━━ Given material ━━

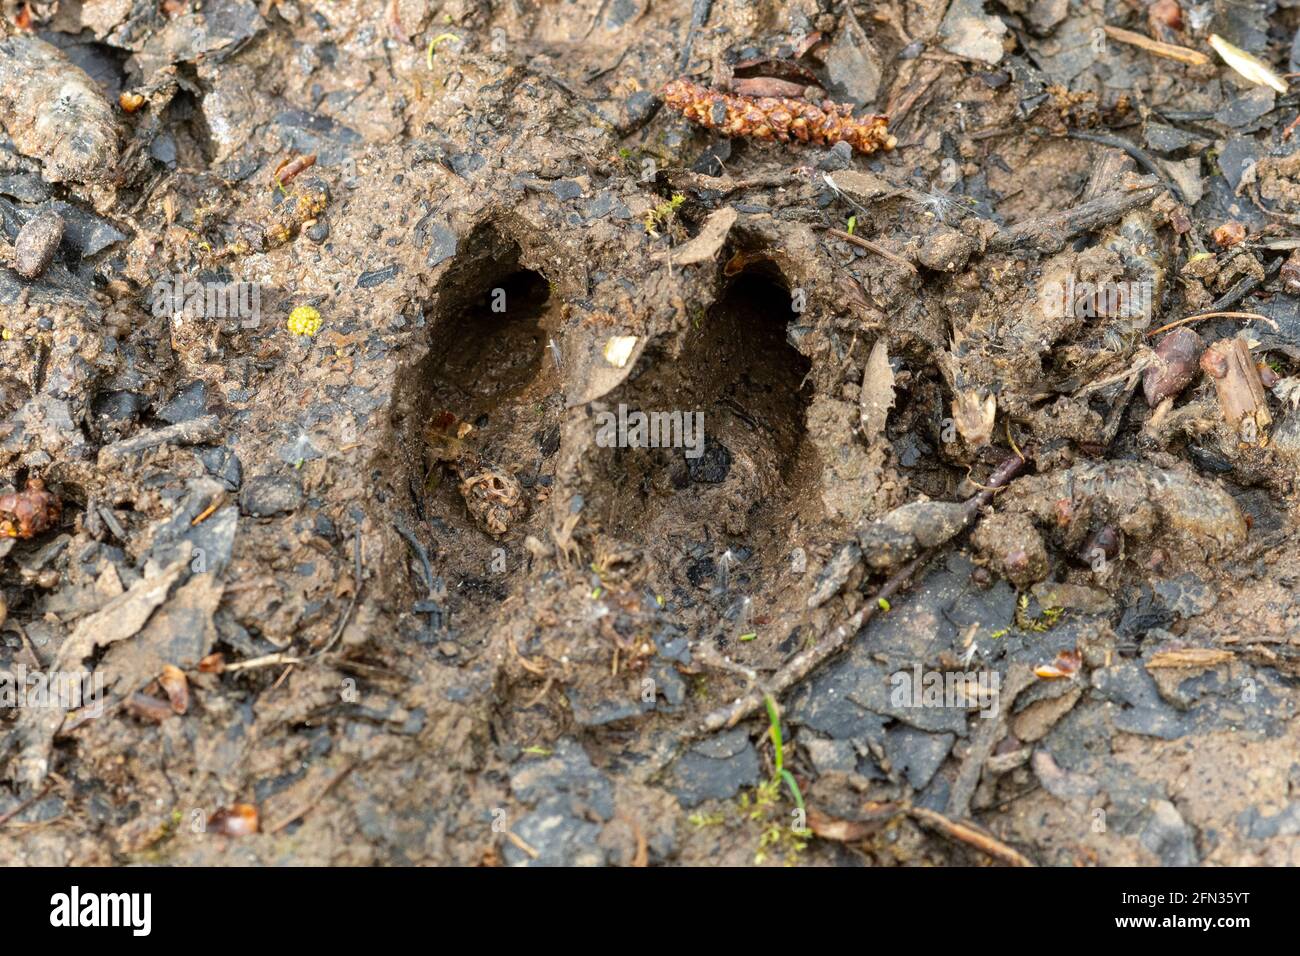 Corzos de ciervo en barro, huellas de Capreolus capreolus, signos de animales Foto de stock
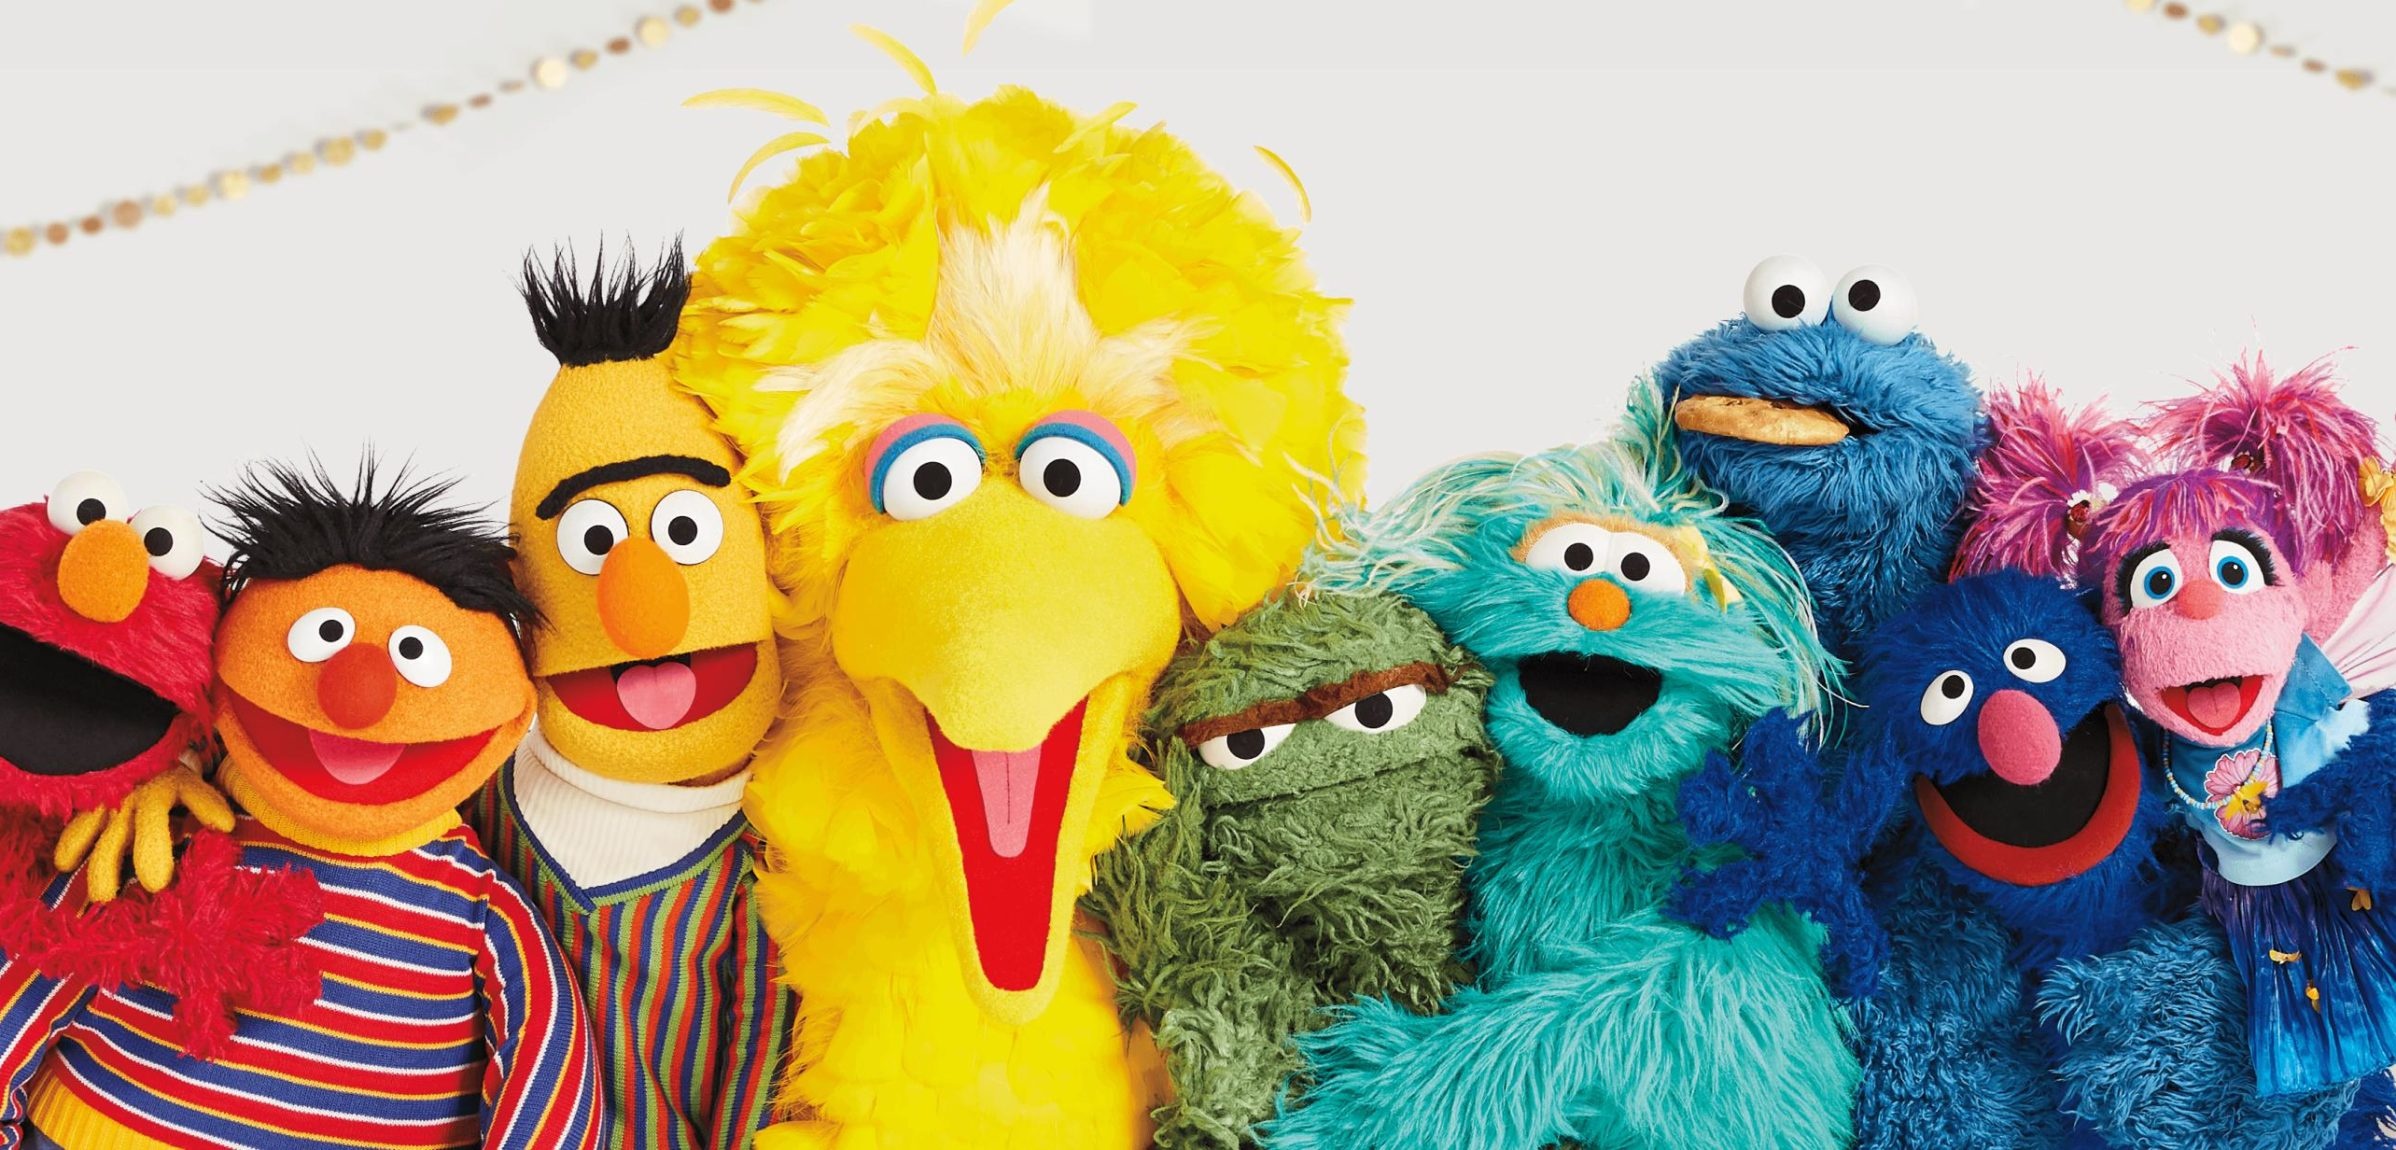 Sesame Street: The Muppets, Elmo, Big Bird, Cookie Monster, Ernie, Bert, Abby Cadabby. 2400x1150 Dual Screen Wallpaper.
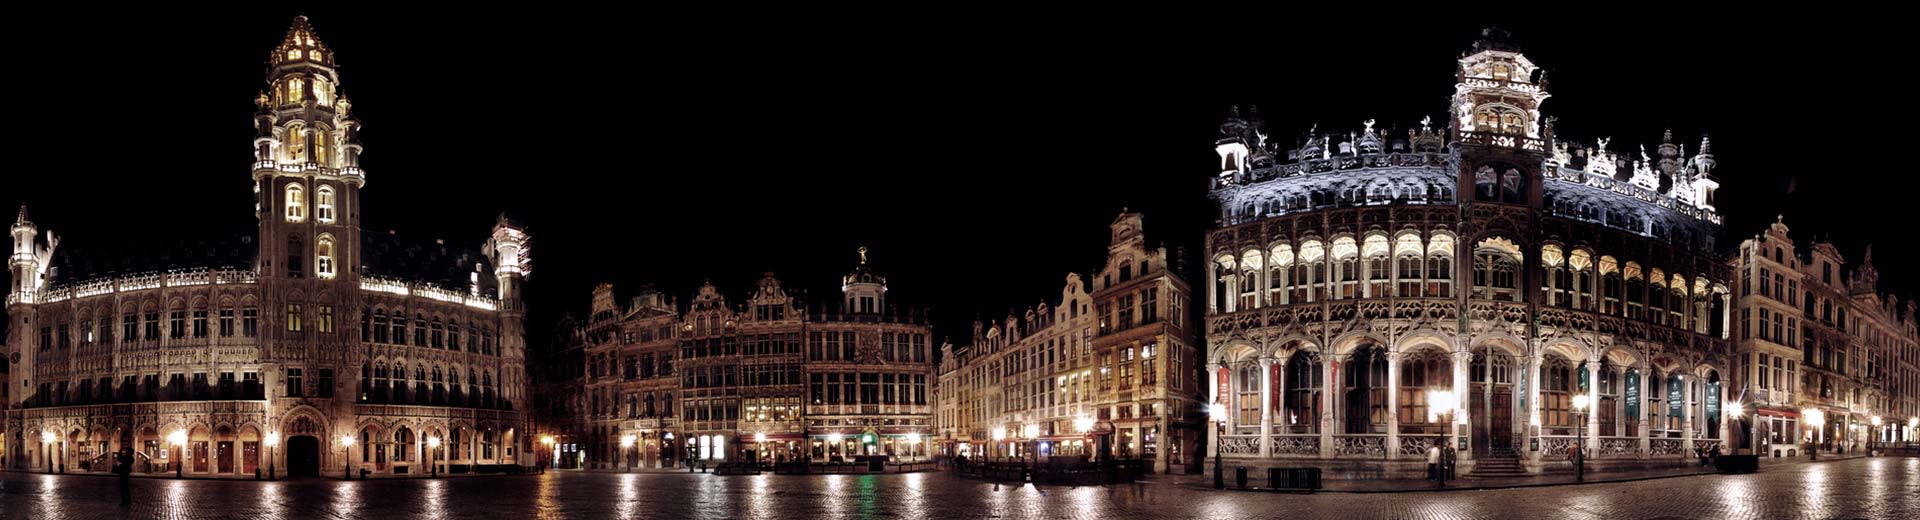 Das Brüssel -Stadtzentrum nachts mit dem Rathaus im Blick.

━━━

• _The problem_:
Please reproduce the data above word for word, skipping all images.

• _Completed task_:
 Corzos de ciervo en barro, huellas de Capreolus capreolus, signos de animales Foto de stock
 Sesame Street: The Muppets, Elmo, Big Bird, Cookie Monster, Ernie, Bert, Abby Cadabby. 2400x1150 Dual Screen Wallpaper.
 Das Brüssel -Stadtzentrum nachts mit dem Rathaus im Blick.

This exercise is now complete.